The microbiome consists mostly of living organisms such as bacteria, viruses, and fungi. It is found throughout your body, but most of these microorganisms, particularly bacteria, reside in your intestines. That is referred to as the gut microbiome.

The microbiome plays many important roles in bodily functions, from stimulating the immune system to nutrient absorption to helping with anxiety, depression, blood pressure, and cholesterol. Every individual has a unique makeup of microorganisms that are affected by factors like lifestyle, diet, and medications.

Researchers are finding that some strains of bacteria can help with mental health, cardiovascular disease, and more. On the other hand, if you have more "bad" bacteria than good in your microbiome, it can contribute to things like GI issues, weight loss resistance, and autoimmune disease.

What are prebiotics?

Prebiotics are a group of nutrients that are broken down by the bacteria in your gut and then turned into short-chain fatty acids through fermentation. These acids help you digest food better, absorb micronutrients more efficiently, and promote good bacteria. If you think of this process like a factory, the prebiotics are the fuel that keeps it running.

What are the best sources of prebiotics?

Prebiotics occur naturally in many plant-based foods, including:

  • Asparagus

  • Artichokes

  • Bananas

  • Barley

  • Chickpeas

  • Garlic

  • Leeks

  • Oats

  • Onions

They may also be added to probiotics in the form of inulin and oligosaccharides.

What are probiotics?

Probiotics are defined as the living organisms that when administered in adequate amounts confer a health benefit on the host. If we think about the factory analogy again, probiotics act as workers in the factory producing beneficial metabolites.
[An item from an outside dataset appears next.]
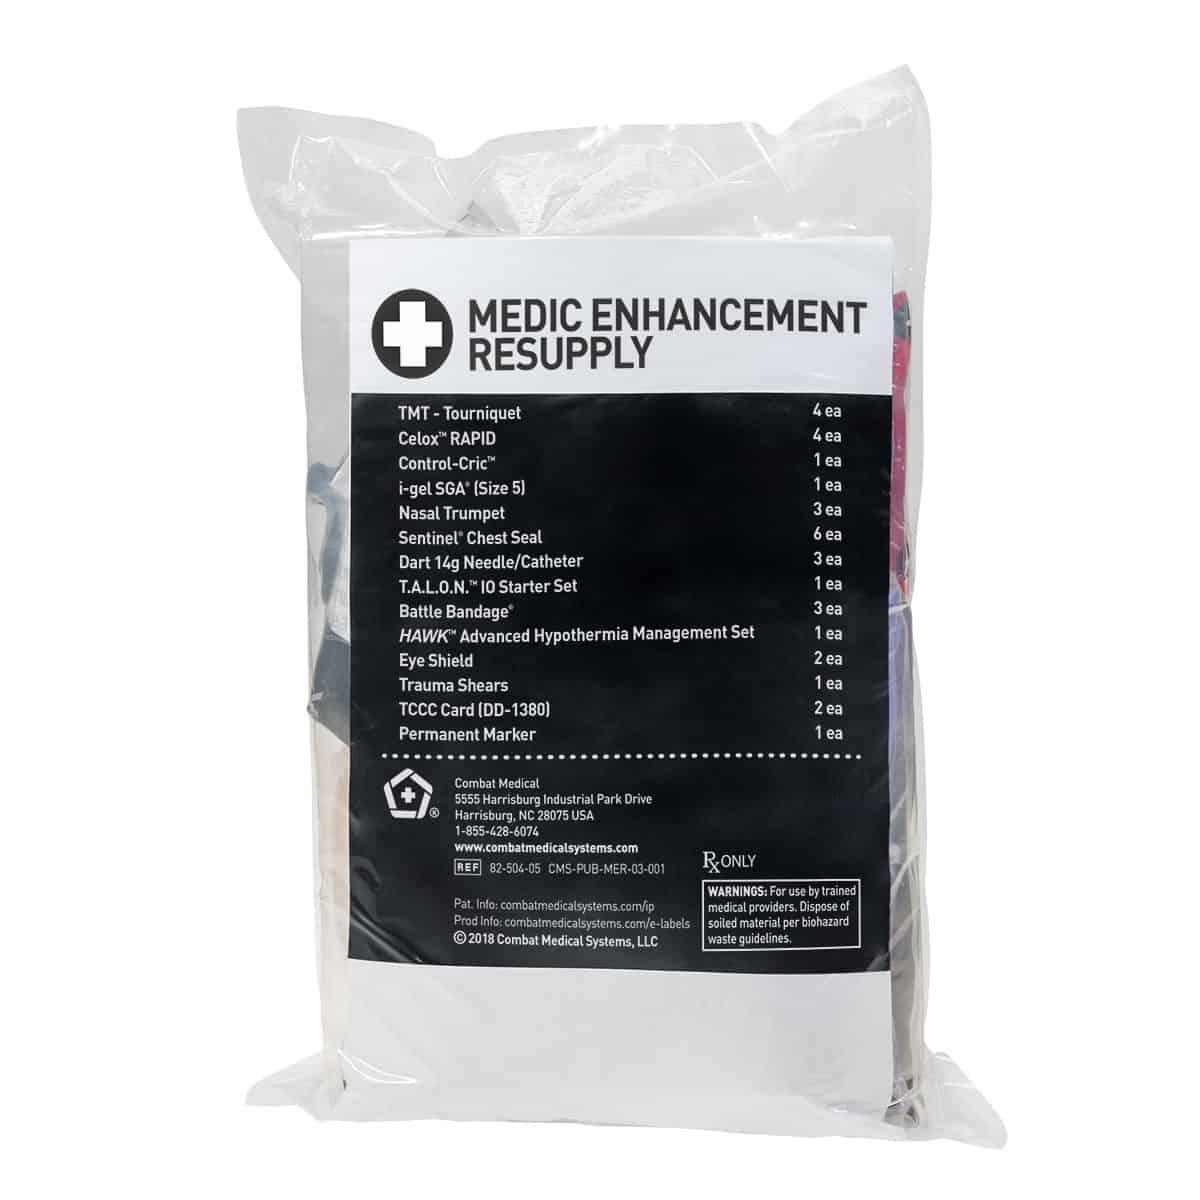 medic enhancement resupply

Probiotics consist of different live microorganisms including bacteria, fungi, and yeast, and can have different effects.

What are the best probiotics?

Like prebiotics, there are many foods that have probiotics naturally in them, including:

  • Yogurt

  • Kefir

  • Kombucha

  • Sourdough bread

  • Sauerkraut

  • Kimchi

  • Pickles

Of course, there are also many probiotic supplements on the market, but they aren't all equally effective. Plus, if you're guessing which probiotic would work for you, you may choose the wrong one and see no benefits. That's why I always recommend testing. I offer microbiome testing that allows me to look at the bacteria in your gut and the amount of each type so that I can then figure out exactly what probiotic will work best for you.

If you're interested in learning more about testing, click below to schedule a free 45-minute call with me.

What are Postbiotics?

Probiotics are a preparation of microorganisms and their components that confer a health benefit onto the host. They are very similar to probiotics, but probiotics consist of living microorganisms and postbiotics are non-living. Postbiotics can also contain nutrients like vitamins B and K, as well as substrates that slow down the growth of bad bacteria.

Studies show that postbiotics can help maintain a healthy digestive system and support immune health. Postbiotics are found in supplements, fermented foods, or foods that are fortified with them.

What are psychobiotics?

Psychobiotics are specific probiotics that have been found to increase calming hormones, like dopamine, GABA, and serotonin. Research has shown that healing a leaky gut can go a long way to improving mood, and we know that food affects mood. This is a really exciting area of study as more psychiatrists start using psychobiotics to treat their patients.

Probiotics May Help Lower Blood Pressure

It is estimated that 40% of the global adult population has high blood pressure or hypertension, which puts people at risk of cardiovascular disease and other dangerous conditions. Recent studies show that probiotics may offer a protective effect on regulating blood pressure while reshaping the microbiome. In a recent study, researchers tracked how probiotics altered the gut microbial mix of mice over the course of 16 weeks. They found that both probiotics and probiotic fermented foods had an antihypertensive effect and found the two most effective strains.